Reproduce each line of the material exactly, minus any picture.

Stored data
++++++++++
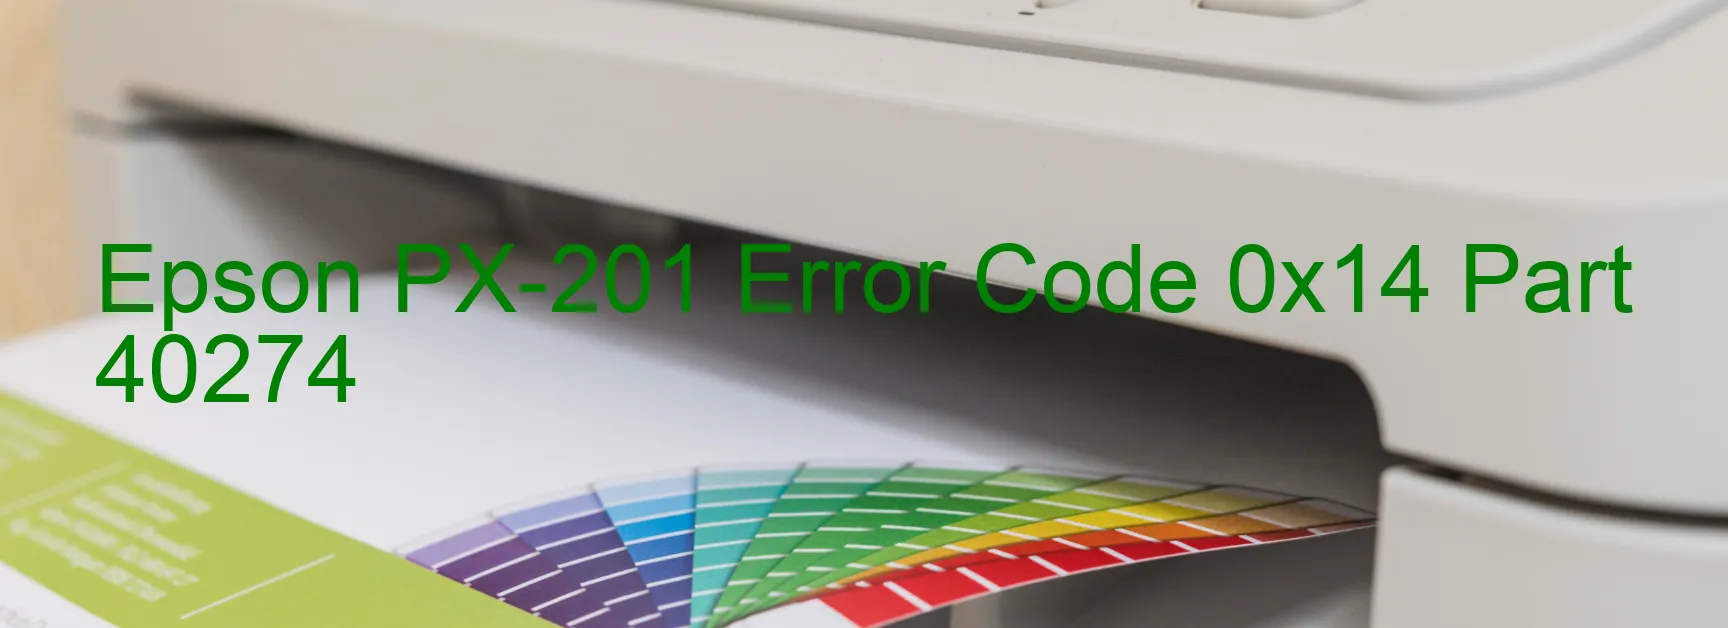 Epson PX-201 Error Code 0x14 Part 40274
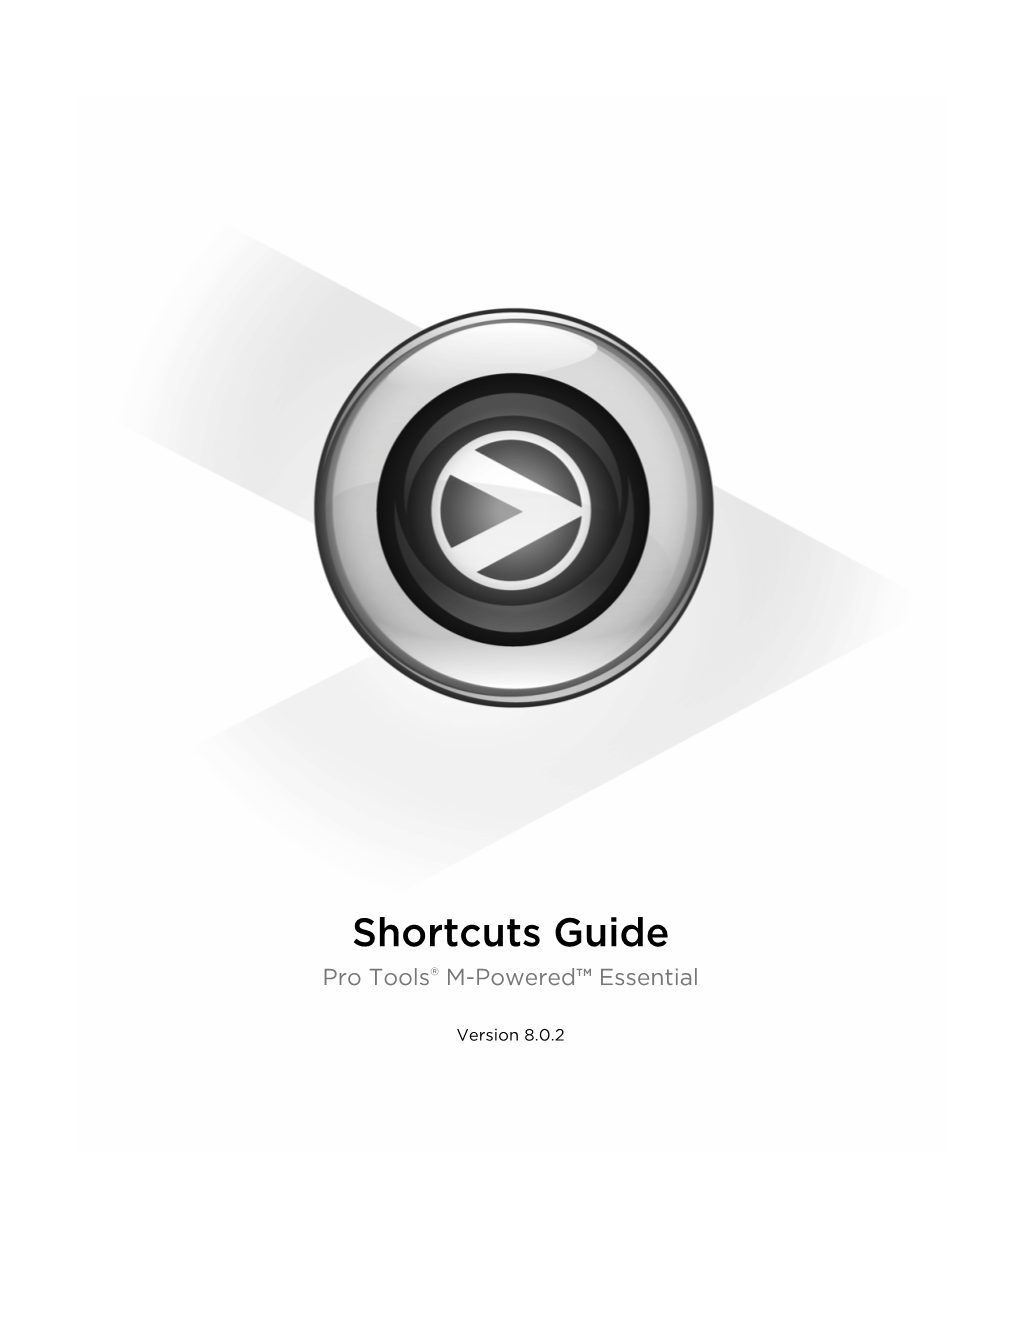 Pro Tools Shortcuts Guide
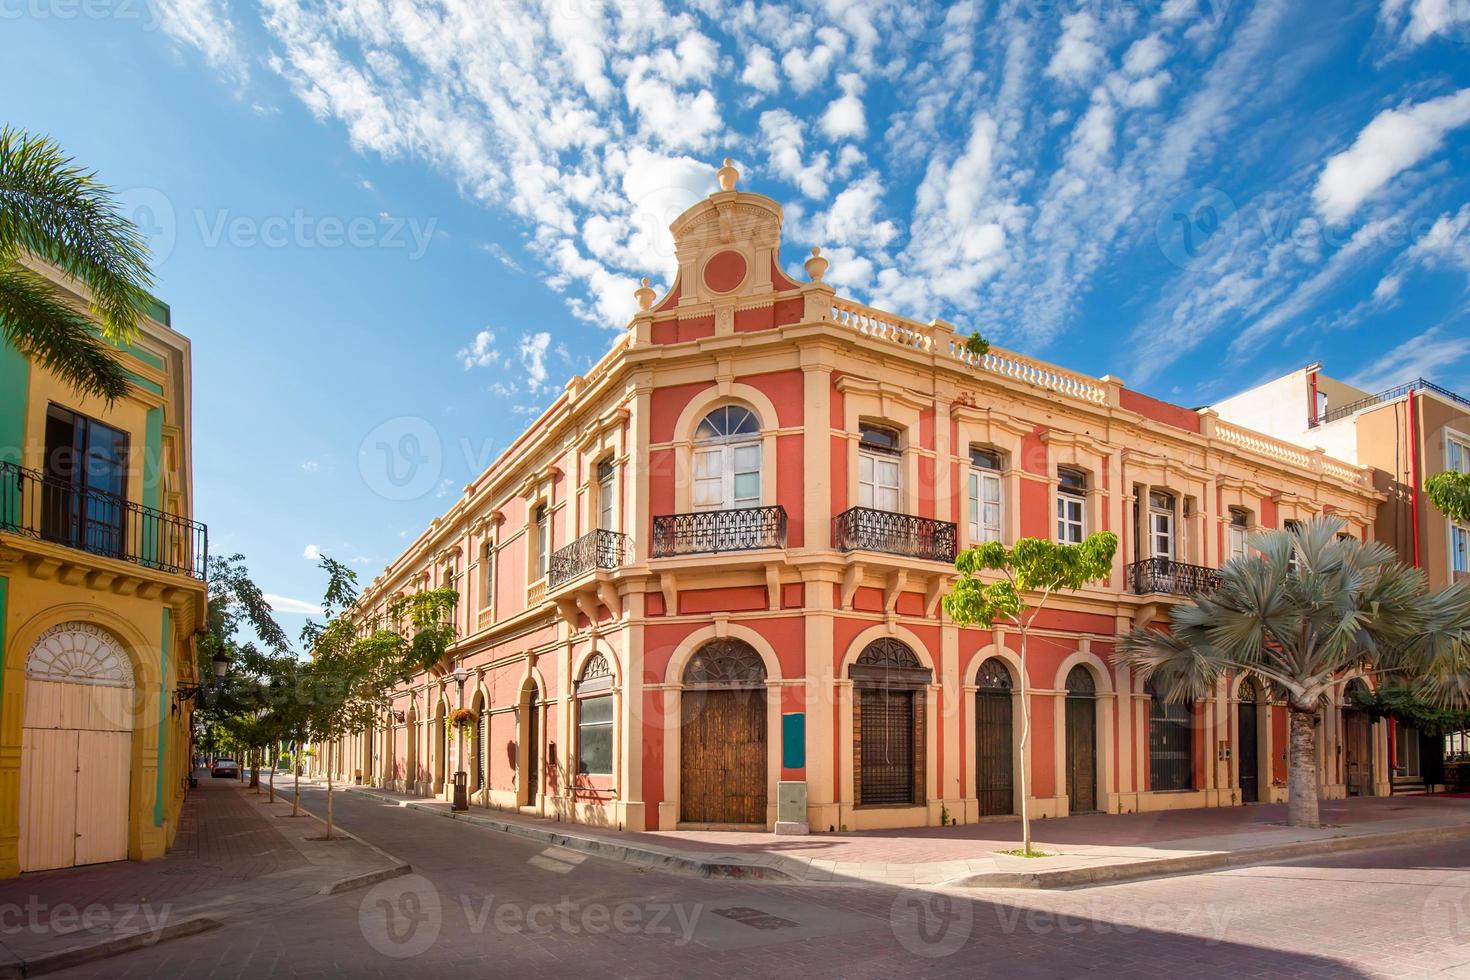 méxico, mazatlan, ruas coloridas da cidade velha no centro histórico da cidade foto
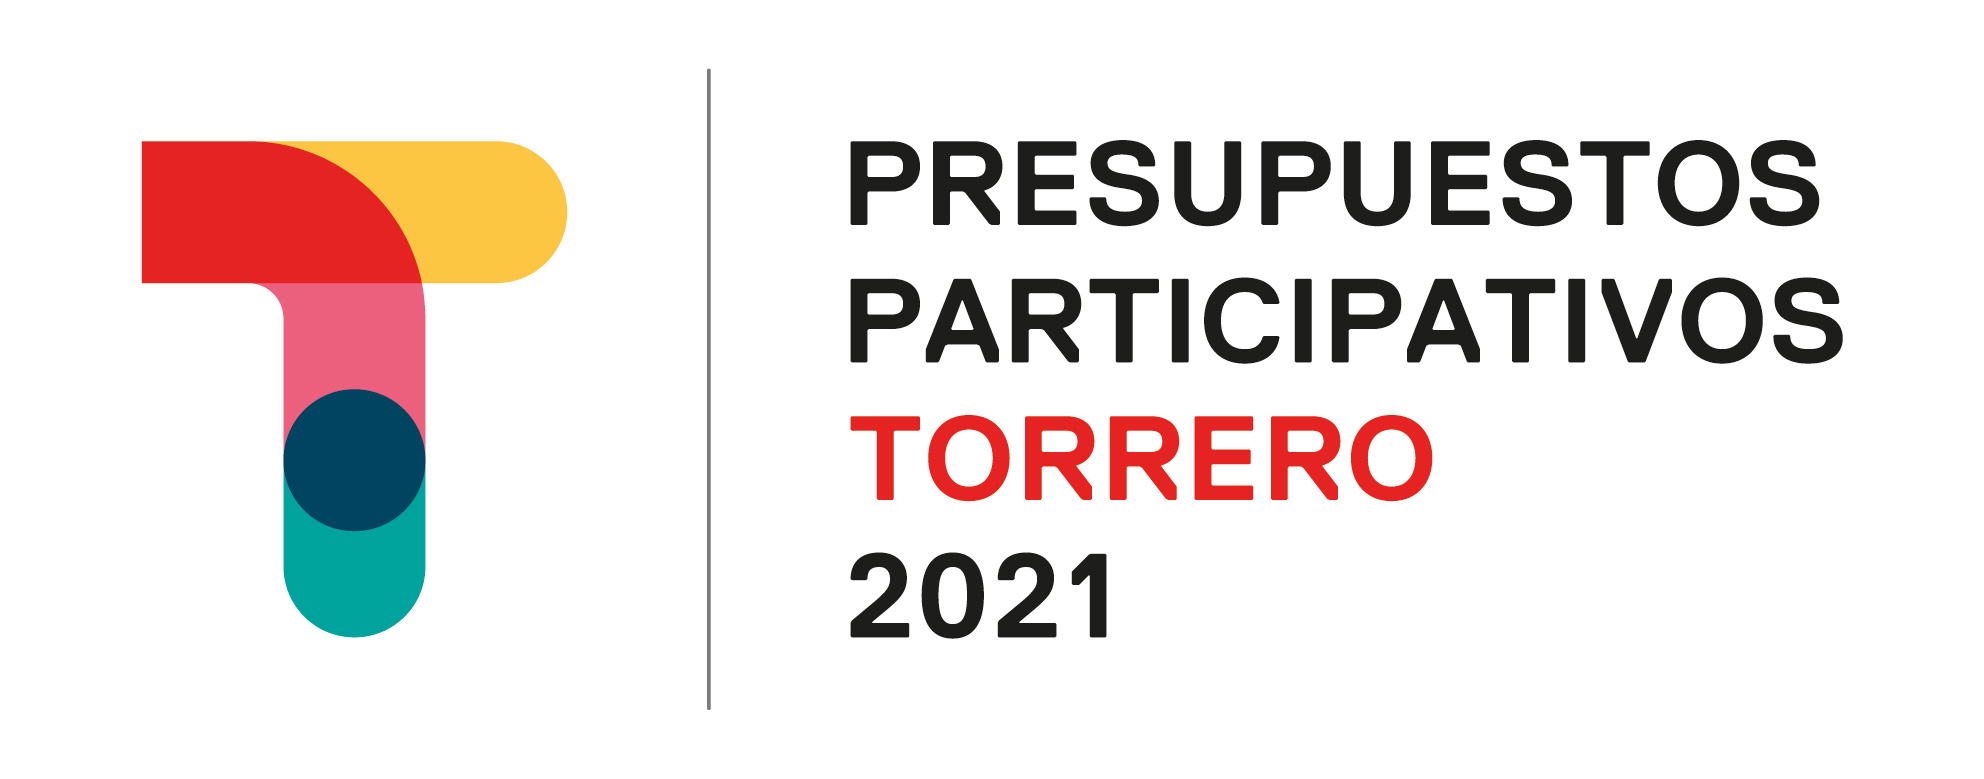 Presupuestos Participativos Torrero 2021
++++++++++
Answer below
 Epson PX-201 Error Code 0x14 Part 40274
 Pro Tools Shortcuts Guide
 méxico, mazatlan, ruas coloridas da cidade velha no centro histórico da cidade foto
 Presupuestos Participativos Torrero 2021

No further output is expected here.